## [Dataset records]
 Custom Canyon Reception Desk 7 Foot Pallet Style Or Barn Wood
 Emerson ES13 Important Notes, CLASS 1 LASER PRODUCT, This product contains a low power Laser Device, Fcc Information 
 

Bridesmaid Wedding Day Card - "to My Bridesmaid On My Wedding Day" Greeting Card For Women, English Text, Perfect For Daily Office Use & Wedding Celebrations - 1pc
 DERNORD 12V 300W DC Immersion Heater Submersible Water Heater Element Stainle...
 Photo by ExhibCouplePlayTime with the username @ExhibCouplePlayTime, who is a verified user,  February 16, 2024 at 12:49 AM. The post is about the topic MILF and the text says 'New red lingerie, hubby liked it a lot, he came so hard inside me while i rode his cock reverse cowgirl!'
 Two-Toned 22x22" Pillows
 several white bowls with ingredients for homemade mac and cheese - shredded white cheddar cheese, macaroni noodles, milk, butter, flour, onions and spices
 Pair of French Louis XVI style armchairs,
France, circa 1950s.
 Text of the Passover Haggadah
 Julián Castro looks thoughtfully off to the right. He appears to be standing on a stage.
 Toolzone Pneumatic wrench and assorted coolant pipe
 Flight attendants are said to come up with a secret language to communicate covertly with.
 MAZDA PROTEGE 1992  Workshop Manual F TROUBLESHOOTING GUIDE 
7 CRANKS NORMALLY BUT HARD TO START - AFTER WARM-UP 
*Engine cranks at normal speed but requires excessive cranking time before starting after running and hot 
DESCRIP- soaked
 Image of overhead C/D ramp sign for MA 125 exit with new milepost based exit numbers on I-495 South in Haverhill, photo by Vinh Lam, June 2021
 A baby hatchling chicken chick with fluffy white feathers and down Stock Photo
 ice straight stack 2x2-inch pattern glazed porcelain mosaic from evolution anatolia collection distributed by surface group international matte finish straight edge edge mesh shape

## [TO DO]
The total, and nothing more: how many lines in the entries contain "white"?

## [ANSWER TO THIS TASK]
2